AI-generated Key Points

  • Growing interest in enhancing capabilities of Large Language Models (LLMs) with long external contexts
  • Two main strategies: Long Context (LC) and Retrieval-Augmented Generation (RAG)
  • Notable advancement in retrieval methods: RAPTOR improves accuracy by generating recursive summaries in a tree structure
  • Various LLM models excel in specialized areas such as reasoning efficiency, conversational understanding, text summarization, knowledge understanding, multilingual translation, mathematical computations, and logical reasoning
  • Trend towards increasing context length in newly released models categorized as short (up to 4K), long (up to 32K), and ultra-long (more than 32K) context models
  • Advancements offer potential for handling complex questions requiring information synthesis from multiple document parts
  • Importance of considering context relevance when optimizing LLMs with external knowledge sources
  • Need for tailored approaches based on specific task requirements and further research for more effective utilization of external knowledge sources
Also access our AI generated: Comprehensive summary, Lay summary, Blog-like article; or ask questions about this paper to our AI assistant.

Authors: Xinze Li, Yixin Cao, Yubo Ma, Aixin Sun

14 pages excluding references and appendix
License: CC BY 4.0

Abstract: Extending context windows (i.e., Long Context, LC) and using retrievers to selectively access relevant information (i.e., Retrieval-Augmented Generation, RAG) are the two main strategies to enable LLMs to incorporate extremely long external contexts. This paper revisits recent studies on this topic, highlighting their key insights and discrepancies. We then provide a more comprehensive evaluation by filtering out questions answerable without external context, identifying the most effective retrieval methods, and expanding the datasets. We show that LC generally outperforms RAG in question-answering benchmarks, especially for Wikipedia-based questions. Summarization-based retrieval performs comparably to LC, while chunk-based retrieval lags behind. However, RAG has advantages in dialogue-based and general question queries. These insights underscore the trade-offs between RAG and LC strategies, offering guidance for future optimization of LLMs with external knowledge sources.
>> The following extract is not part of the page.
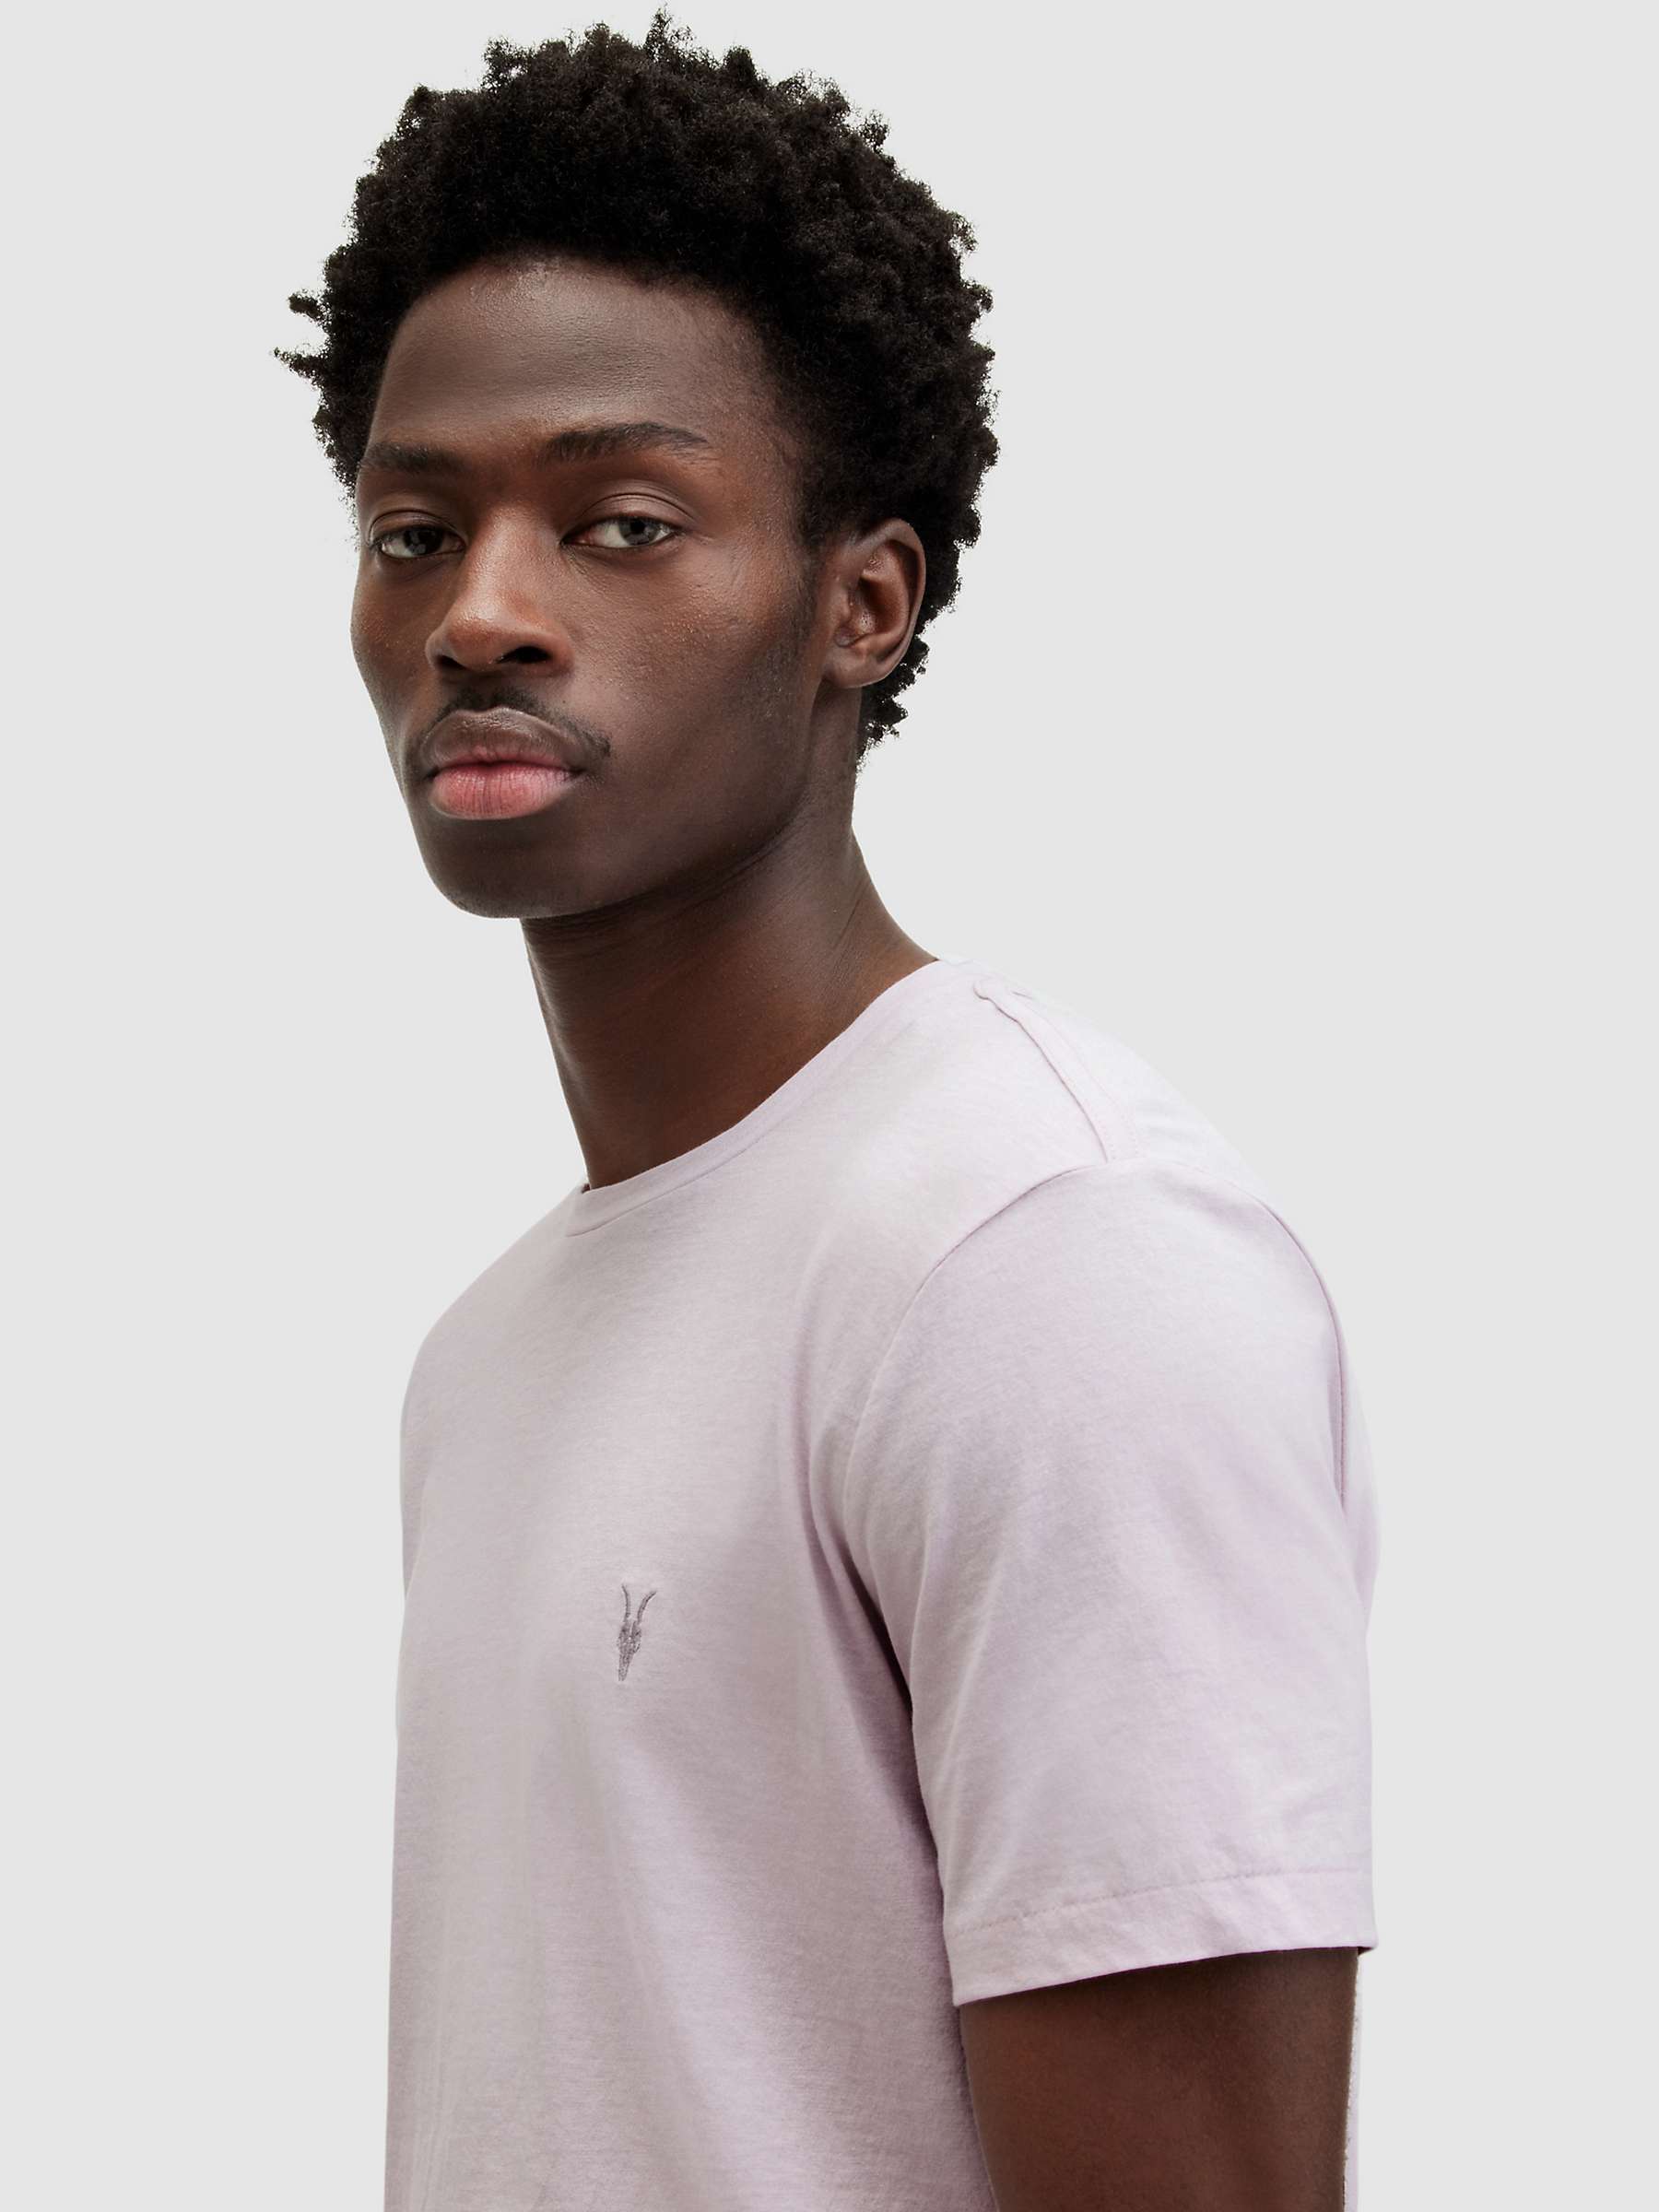 Buy AllSaints Tonic Crew Neck T-Shirt, Sugared Lilac Online at johnlewis.com

We also provide an in-depth discussion on this topic, highlighting the overlooked importance of context relevance in existing studies.
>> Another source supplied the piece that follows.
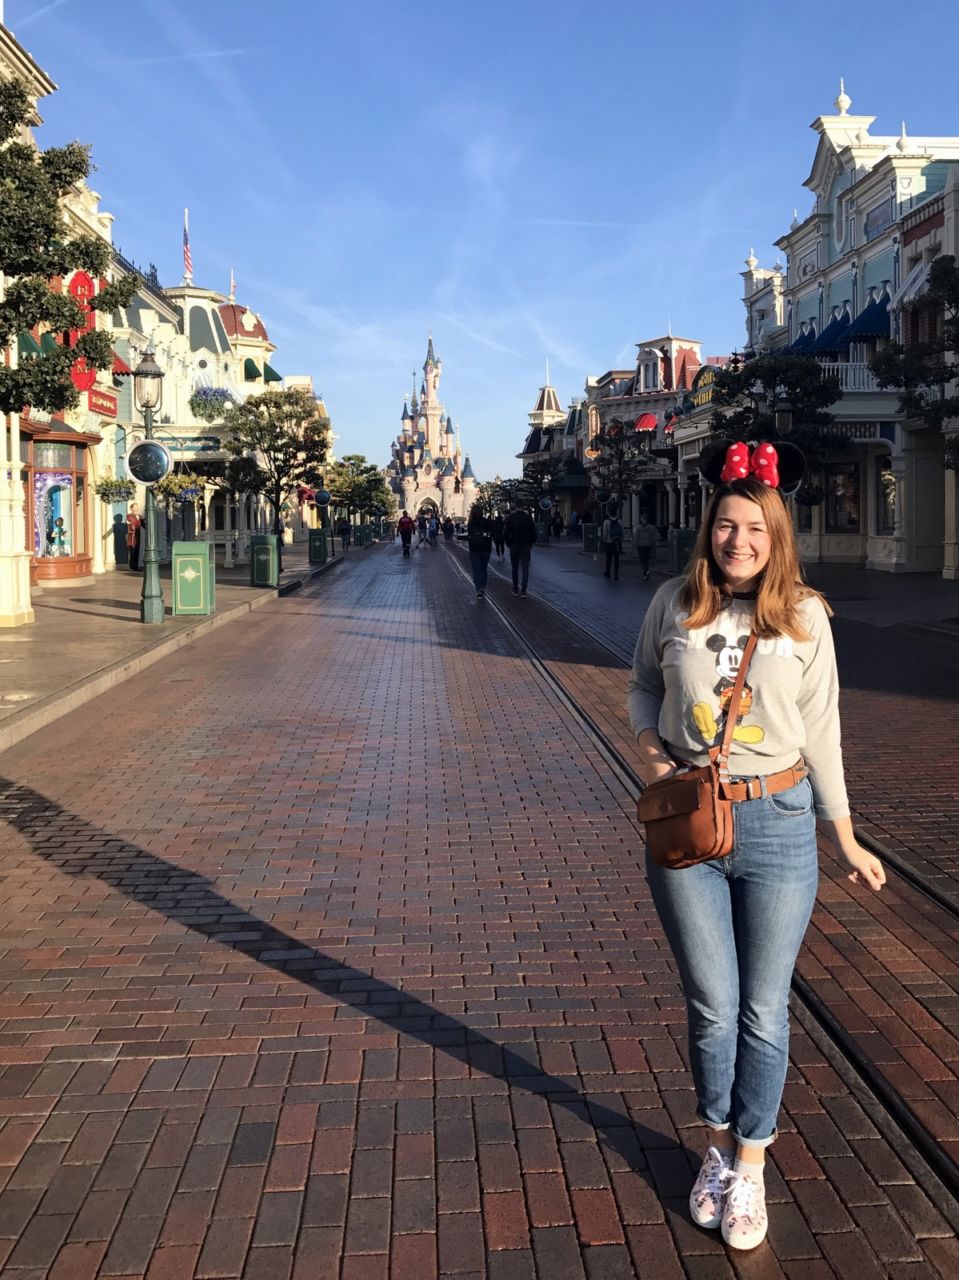 Disneyland Paris outfit in September with Mickey jumper & jeans

Submitted to arXiv on 27 Dec. 2024

Ask questions about this paper to our AI assistant

You can also chat with multiple papers at once here.
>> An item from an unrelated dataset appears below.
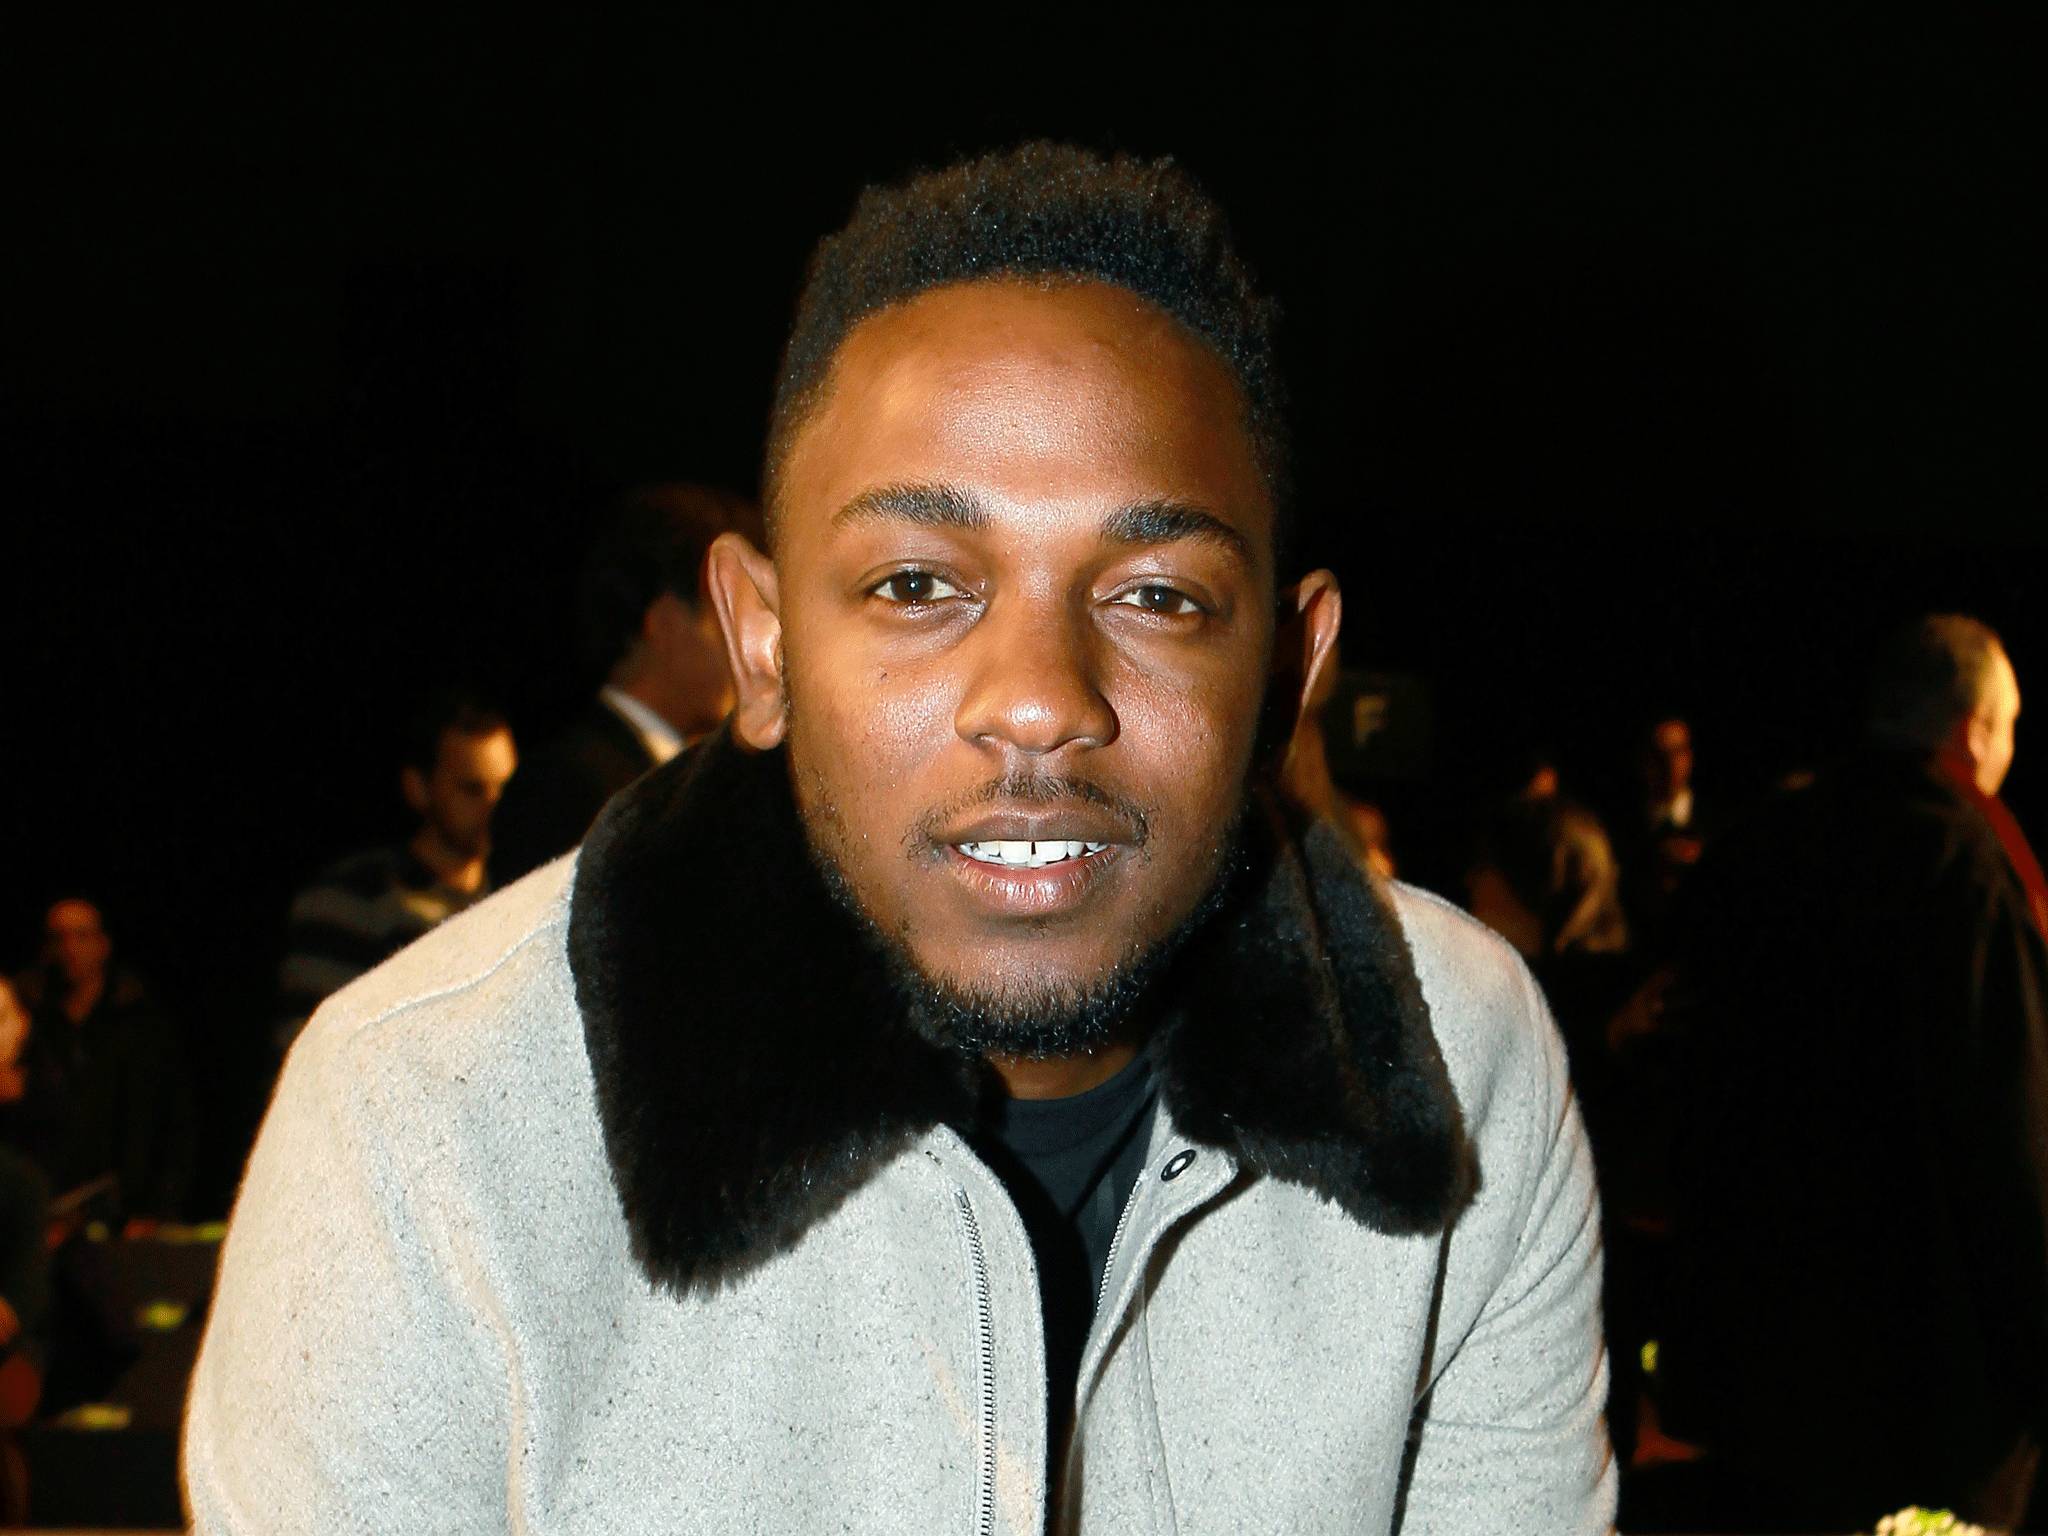 Kendrick Lamar called for more hip-hop at the Grammys

AI assistant instructions?

Results of the summarizing process for the arXiv paper: 2501.01880v1

In recent years, there has been a growing interest in enhancing the capabilities of Large Language Models (LLMs) to incorporate extremely long external contexts. Two main strategies have emerged: Extending context windows, known as Long Context (LC), and using retrievers to selectively access relevant information, known as Retrieval-Augmented Generation (RAG). This paper delves into recent studies on this topic, shedding light on key insights and discrepancies. One notable advancement in retrieval methods is RAPTOR (Sarthi et al., 2024), which improves accuracy by generating recursive summaries of text chunks organized in a tree structure. By summarizing text segments at various levels and forming a hierarchical tree representing the document's content, RAPTOR enables retrieval models to extract context at varying levels of detail. This method enhances retrieval accuracy for tasks requiring long-range or multi-step reasoning. When it comes to LLMs with extended context capabilities, various models excel in specialized areas. For instance, ChatGLM2-6B-32K focuses on high reasoning efficiency with low memory usage, while XGen-7B-8K enhances conversational understanding and text summarization. InternLM-7B-8k is optimized for knowledge understanding and multilingual translation, while other models like DeepSeek-V2-Chat, Qwen2-72B-Instruct, Mixtral-7x8b, and DBRX-Instruct excel in mathematical computations and logical reasoning. There is a clear trend towards increasing context length in newly released models. These models are categorized based on their supported context windows: short (up to 4K), long (up to 32K), and ultra-long (more than 32K) context models. The advancements in LLMs with extended context capabilities offer significant potential for handling complex questions that require synthesizing information from multiple parts of a document. In conclusion, the trade-offs between RAG and LC strategies underscore the importance of considering context relevance when optimizing LLMs with external knowledge sources. The diverse capabilities of different LLM models highlight the need for tailored approaches based on specific task requirements. Further research in this area can lead to more effective utilization of external knowledge sources for enhancing LLM performance across various applications.
Created on 16 Jan. 2025

Assess the quality of the AI-generated content by voting

Score: 0

Why do we need votes?

Votes are used to determine whether we need to re-run our summarizing tools. If the count reaches -10, our tools can be restarted.

Similar papers summarized with our AI tools

Navigate through even more similar papers through a

tree representation

Look for similar papers (in beta version)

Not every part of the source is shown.